By Arno Maierbrugger/Gulf Times Correspondent/Bangkok
Two Southeast Asian countries not particularly known for large agricultural exports, Myanmar and Cambodia, have both declared that they want to participate in the global rice business by intensifying rice farming and milling across their respective countries with the help of foreign investors, including from the Middle East, China, South Korea, Japan and Thailand.
Myanmar used to have a buoyant rice industry and, as a matter of fact, was the largest rice exporter in the world before the 1960s, but with the military government taking over in 1962, the industry quickly declined. Today, the most acute problems are low productivity and poor rice quality at the farm level, with paddy yields only half of those in other exporters in the region such as Thailand and Vietnam. The milling sector is in dire need of upgrading its processing units to end significant losses in quality and quantity during the milling.
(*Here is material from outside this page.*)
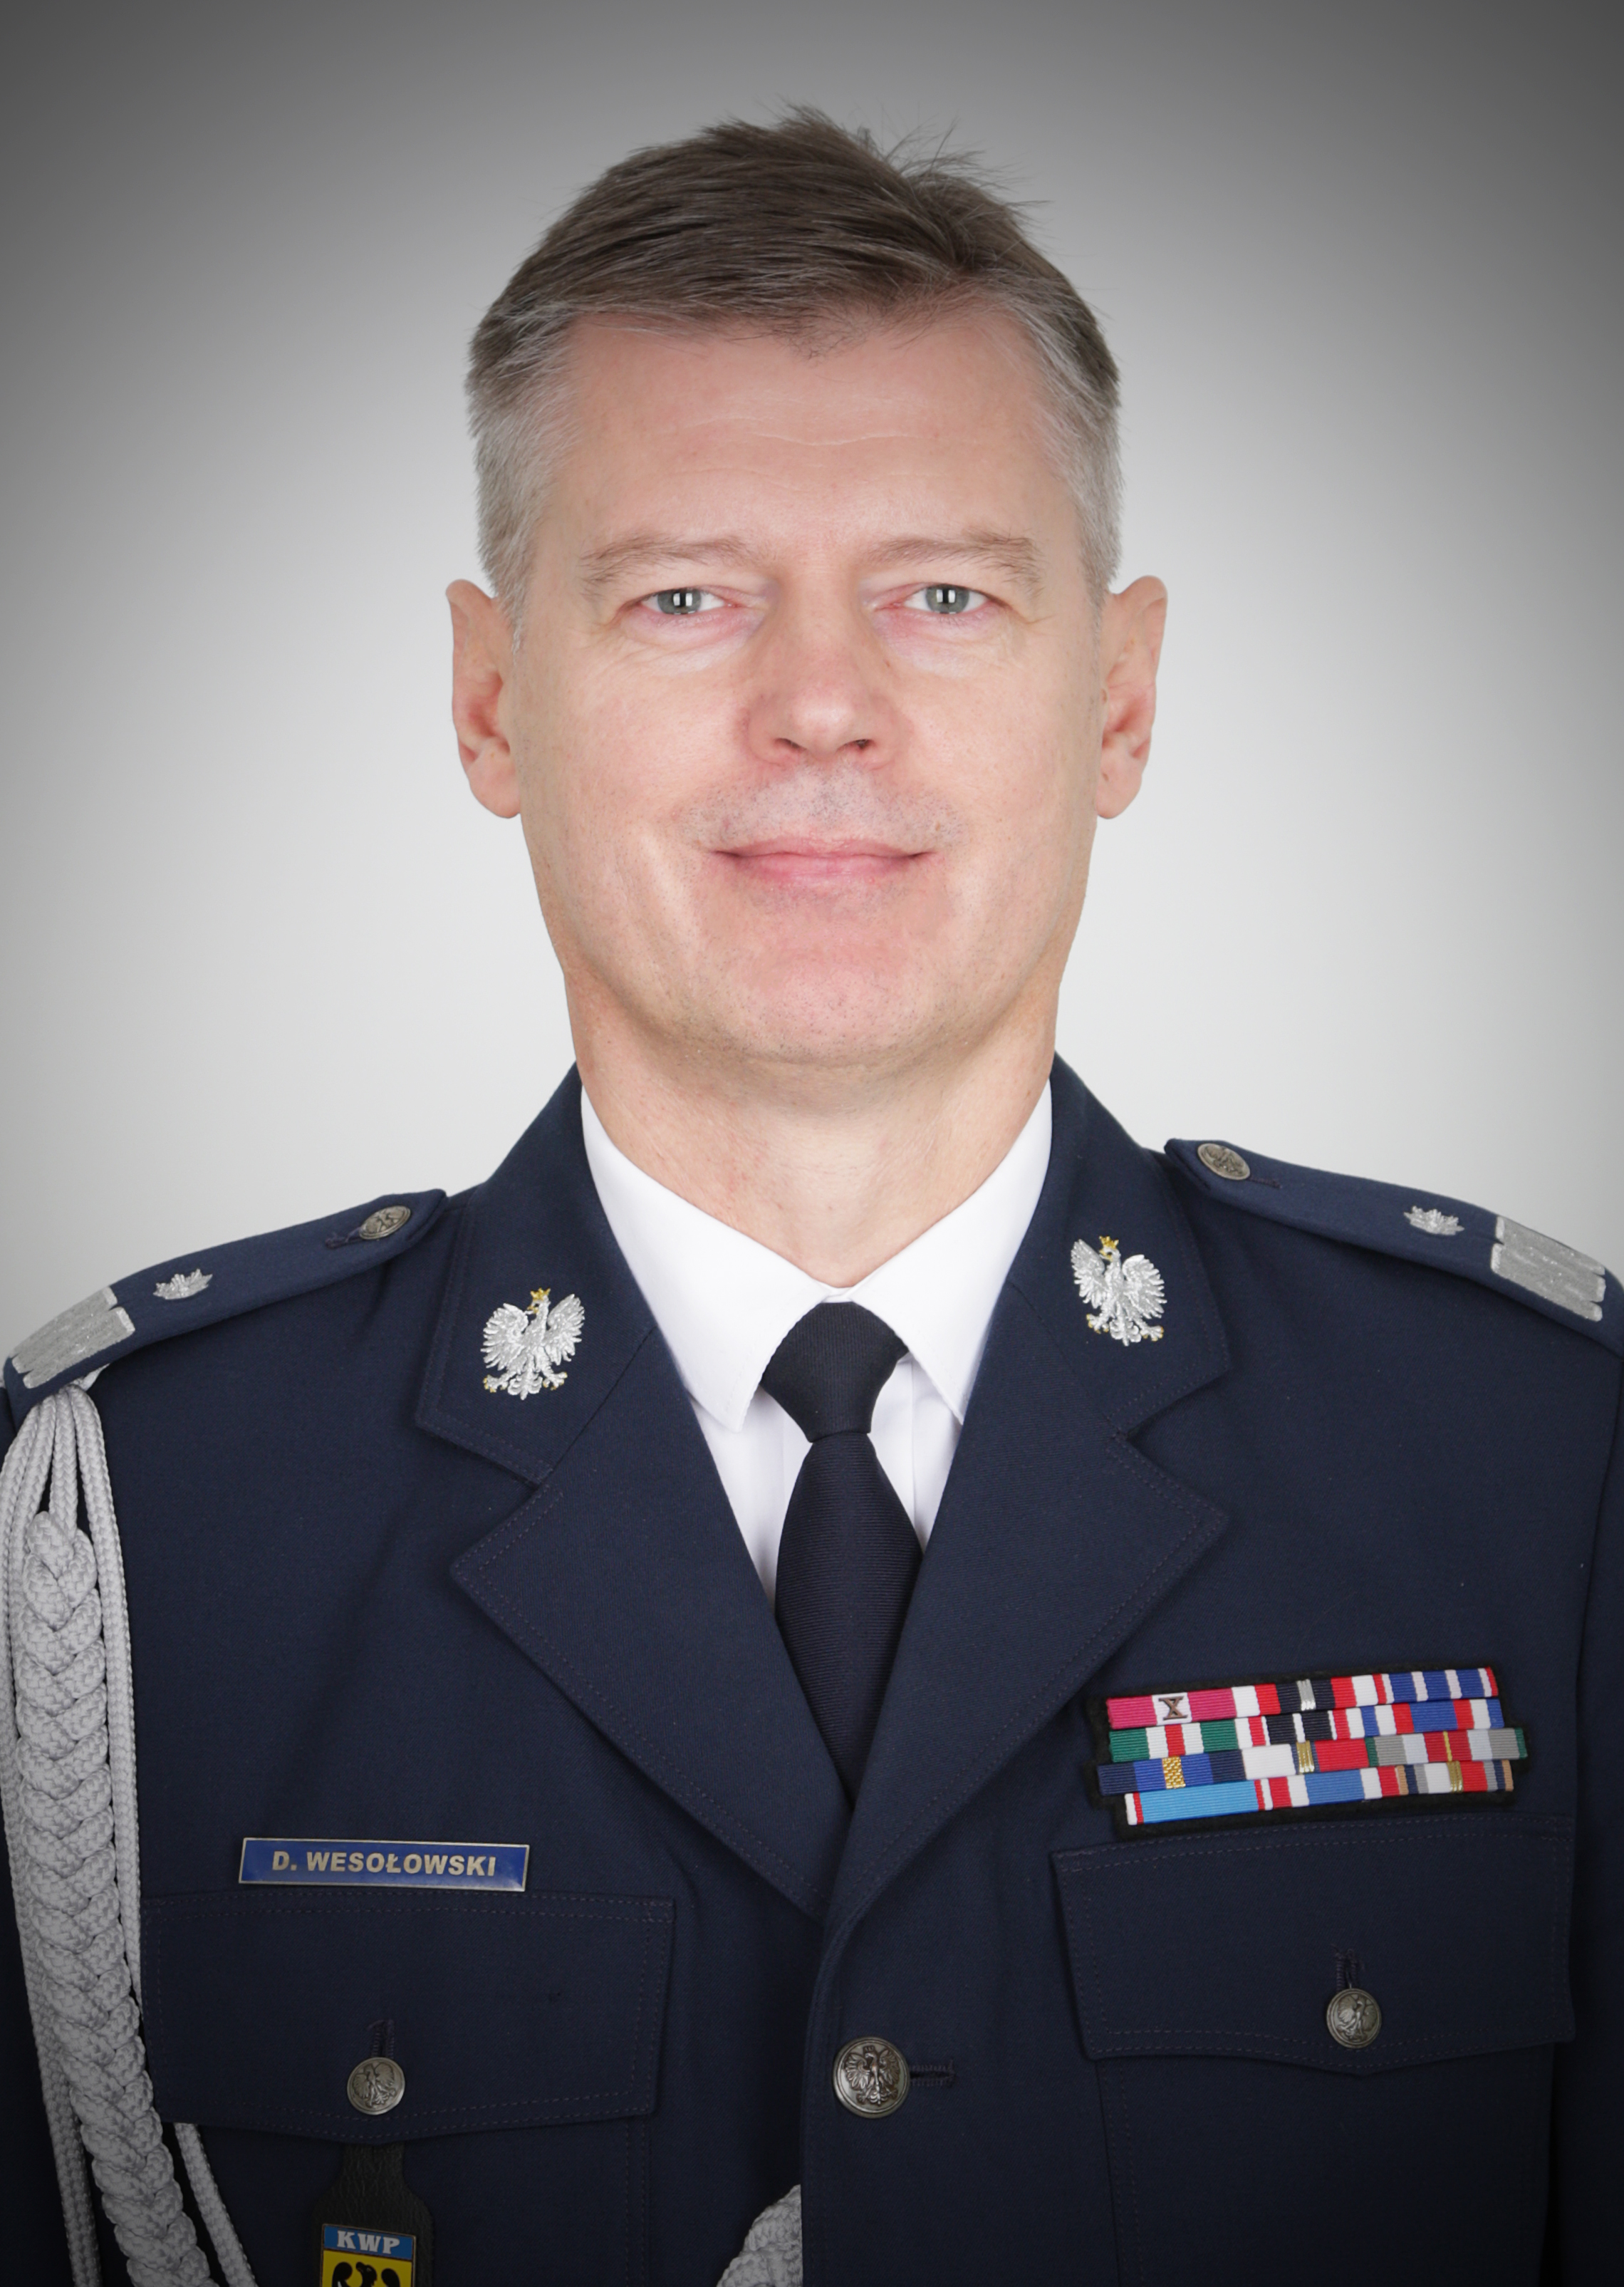 Zdjęcie przedstawiające Komendanta Wojewódzkiego Policji we Wrocławiu nadinspektora Dariusza Wesołowskiego

Infrastructure upgrades along trade routes and ports are also necessary, as well as better water management in the central plains where most of the rice fields are located.
Vichai Sriprasert, honorary president of the Thai Rice Exporters Association who was on a working visit in Myanmar in early February, said that up to 8mn hectares of land in Myanmar – in addition to the existing farmland used for rice – could be developed. A large rice mill with a capacity of 500 tonnes a year would cost an investment of just around $9.4mn, excluding land.
So far, most of the rice produced in Myanmar, around 12.6mn tonnes annually, is used for domestic consumption. Yearly export is just slightly over 1mn tonnes. However, the government has set itself the target of exporting 2mn tonnes of rice this year and 4mn tonnes by 2020, mainly to China, the European Union and the Middle East.
Cambodia, on the other hand, has even more complex problems. In a country where 80% of the population actually works on farms, productivity and yields of rice farming used to be among the world’s lowest, with only slight improvement in the past decades after the country shrugged off its war-torn past. Main issues are underuse of arable land, low-quality seeds, poor infrastructure and no government-induced financing or loan programmes for farmers, let alone for agricultural research. However, the government in Phnom Penh has adopted a new rice policy to promote growth in paddy production and milled rice exports to match the growth seen in the garment and service sectors, also with the help of foreign investors. The Cambodia Rice Federation has said it will set up a rice development fund to educate farmers and promote Cambodian rice overseas.
Of Cambodia’s total production of around 4.7mn tonnes of milled rice in 2014, the country exported just 387,100 tonnes. The initial target for 2015 was 1mn tonnes of rice exports, which will be “unlikely to achieve due to lack of milling capacity and funding,” Cambodian Minister of Commerce Sun Chanthol said early February. “We are trying to find new foreign markets for our rice,” he added.
Globally, Thailand claims to have regained its crown as the world’s largest rice exporter in 2014 after the end of a structurally damaging rice-pledging scheme, selling 10.9mn tonnes abroad in the year, slightly more than India with 10.13mn tonnes. Vietnam came third with 6.3mn tonnes, ahead of Pakistan with around 4mn tonnes and the US with more than 3mn tonnes of milled rice. The global rice trade is expected to hit 41.9mn tonnes this year.